«Когда у вас разные точки зрения на Крым, не надо морды друг другу бить»
— Скажите мне, Тимур, как часто вы слышите в свой адрес, что продолжаете линию Владимира Семеновича Высоцкого?
— Ой, очень часто, с самого начала. Но я как-то принимаю это и, конечно, делю на 28… Приятно, но я же понимаю, что это совершенно разные вещи.
— Ваша социальная ирония, по-моему, очень точна. Всегда, когда я слушаю бардов, их лирические вещи, — они в основном проходят мимо меня. Это как-то ни о чем, и Высоцкий тоже об этом говорил. А вот так, как вы, конкретно формулировать, мне кажется, могут очень немногие. Возможно, еще только Розенбаум, но и он уже не тот, что был. А сатира ваша, думаю, близка к Высоцкому.
— Думаю, да, но там такой масштаб личности, что мне несколько неудобно, когда меня с ним сравнивают. Если говорить по формальным признакам, то действительно мало кто среди нашего брата бардовского этим занимается.
— Еще Юлий Ким.
— Ну, Ким! Ким — основоположник, можно сказать, такого стиля, это правда. Хотя, между прочим, он всегда утверждал, что никогда диссидентом не был, а просто писал то, что властям не нравилось.
— А потом стал Михайловым, чтобы более-менее нормально жить.
— Да, чтобы зарабатывать.
— В свое время, когда появился Розенбаум, тоже говорили: вот наконец-то найдено вакантное место заместителя Высоцкого. Конечно же, Розенбаум не продолжатель этой линии, но тем не менее — как вы думаете: наверное, вообще эти разговоры о заместителе Высоцкого не актуальны? Высоцкий был один…
— Конечно. Я считаю, все мы разные. Можно быть подражателем Высоцкого, но зачем, кому это надо? Подражателей полно.
— Я помню Джигурду…
— …Заменить Высоцкого невозможно, а надо делать по-своему. Может быть, формально — да, в ту же сторону, но я, например, больше музыкальной части уделяю внимание. Знаете, меня еще Галич очень испортил. Первое подражание было Высоцкому, а потом, когда услышал Галича, понял, что можно и с другой точки зрения на все это смотреть — как Галич. Так что заменить Высоцкого некем и не надо, надо свое.

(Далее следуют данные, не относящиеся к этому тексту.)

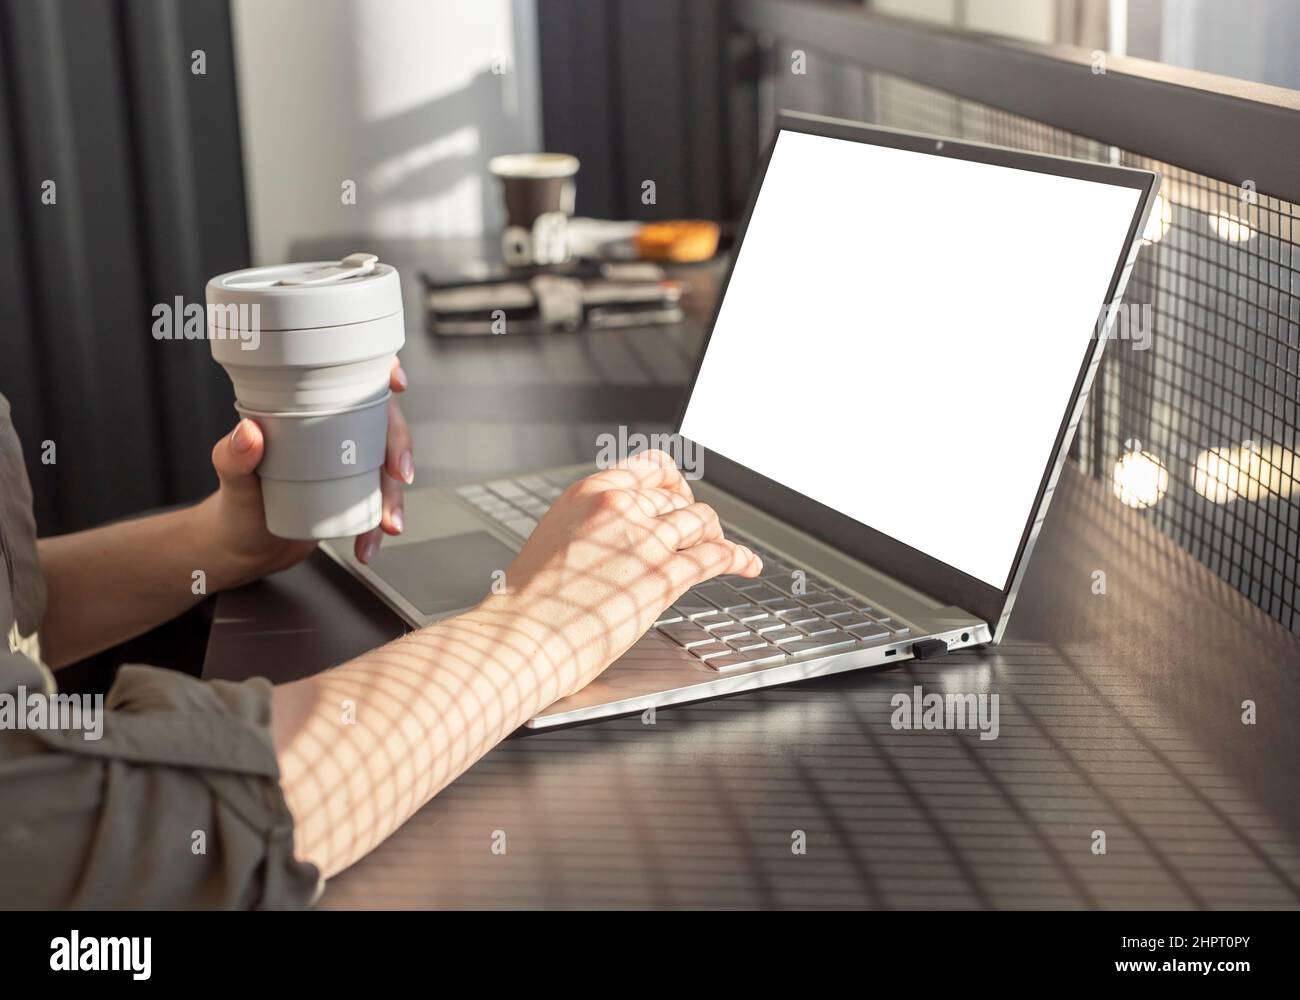 Les femmes tiennent la coupe ECO et travaillent sur un ordinateur portable. Femme d'affaires assise dans un café et utilisant la maquette d'ordinateur pour le travail, l'étude, la communication sociale. Photo de haute qualité Banque D'Images

Как Чехов писал: «Пусть все собаки лают своими голосами, маленькие, большие…»
— Получается, что Владимир Семенович оказался в нужное время в нужном месте, и его голос, и то, о чем он писал, стали очень нужны советскому народу. Вы же такого обожания, такого ношения на руках, конечно, не чувствуете от людей.

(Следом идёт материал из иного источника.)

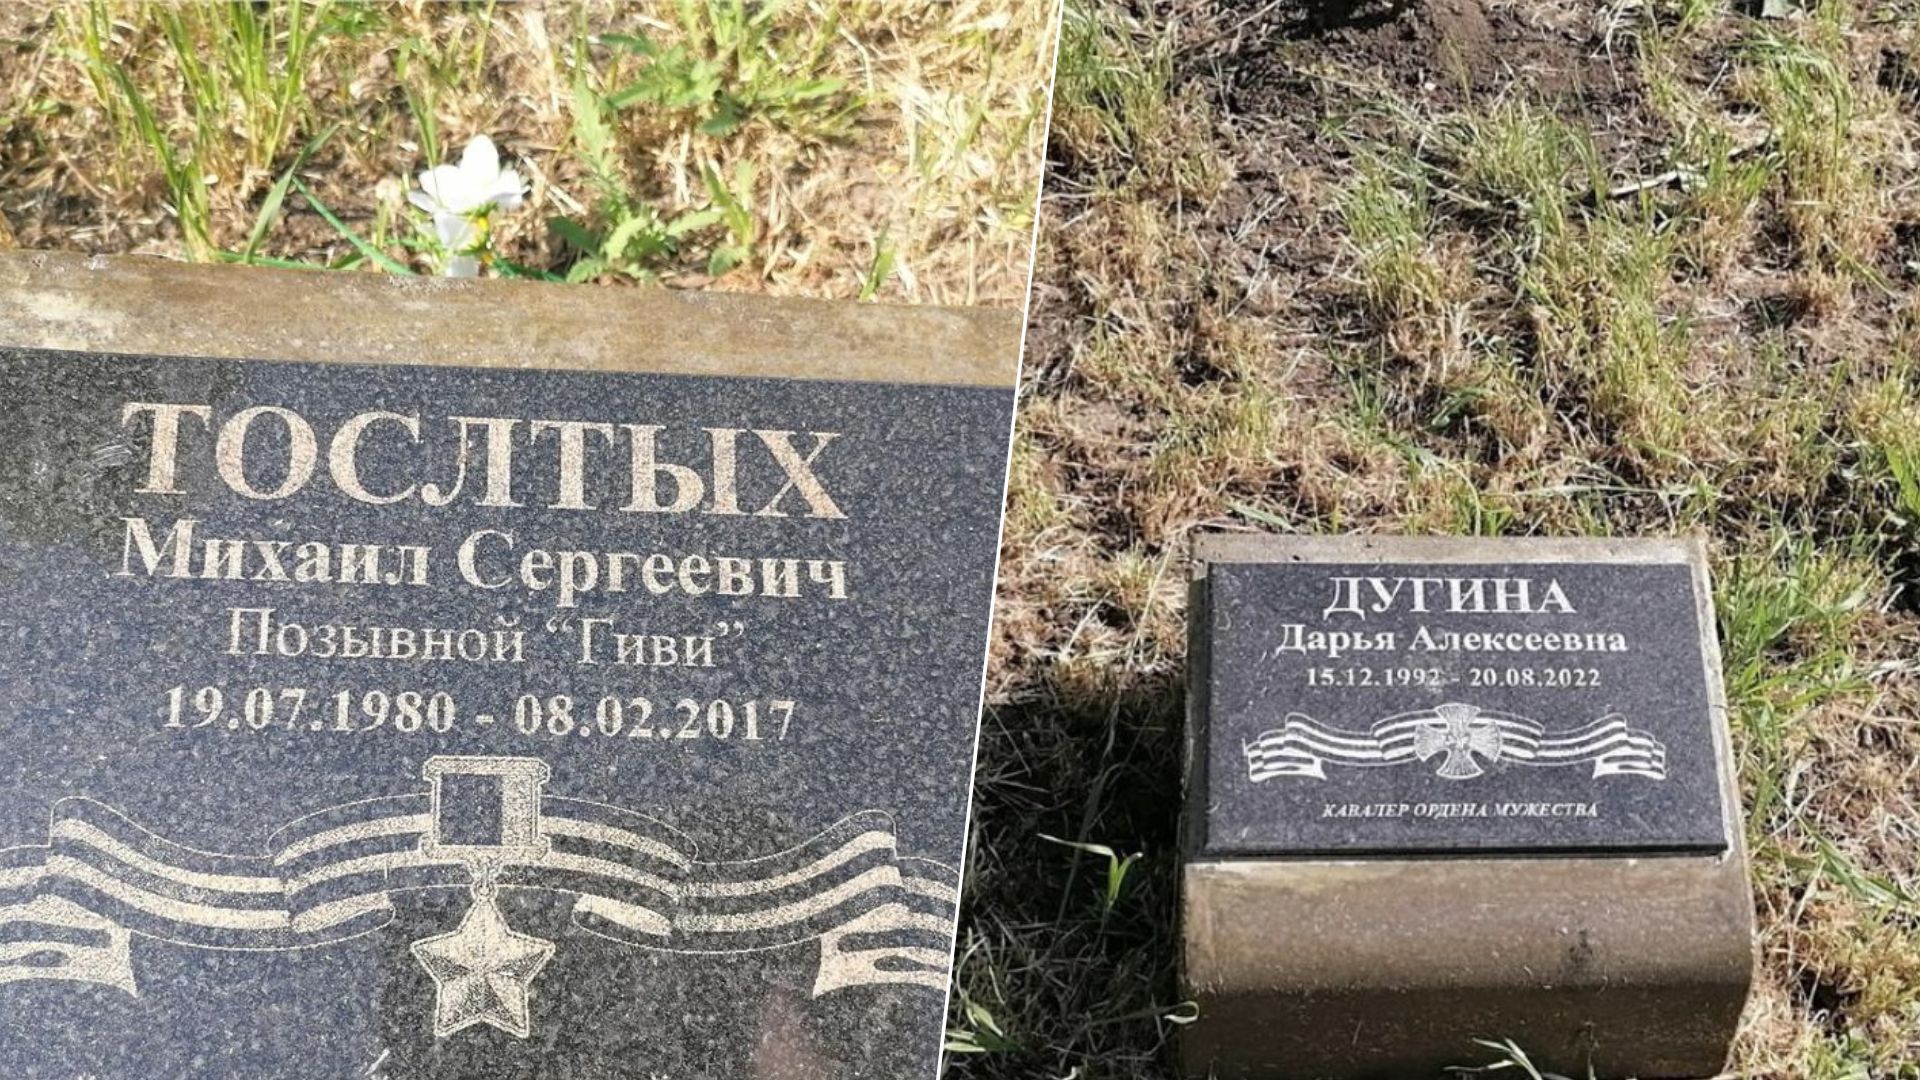 Дугина и Гиви - в Крыму оконфузились с мемориальными табличками - 24 Канал

— Да, моя ниша другая. Он же был всенародным, как Юра Шевчук сейчас. Совершенно потрясающий Юра, который и солдатик какой-то, и интеллигент, и маргинал. Все его слушают, все понимают, он такой же близкий, как Высоцкий. Он, может, наиболее подошел к Высоцкому, Юра Шевчук.
— Понимаете, ведь разные периоды есть у человека, разные мироощущения. Шевчук начала 80-х, вот этот андеграунд, когда он еще был в Уфе, потом приехал в Ленинград, — это такая форма протеста, закачаешься. А сейчас разве вы не замечаете — Шевчук уже другой. Он все чаще поет о любви, о некоем примирении, он больше не революционер. Это, может быть, возраст?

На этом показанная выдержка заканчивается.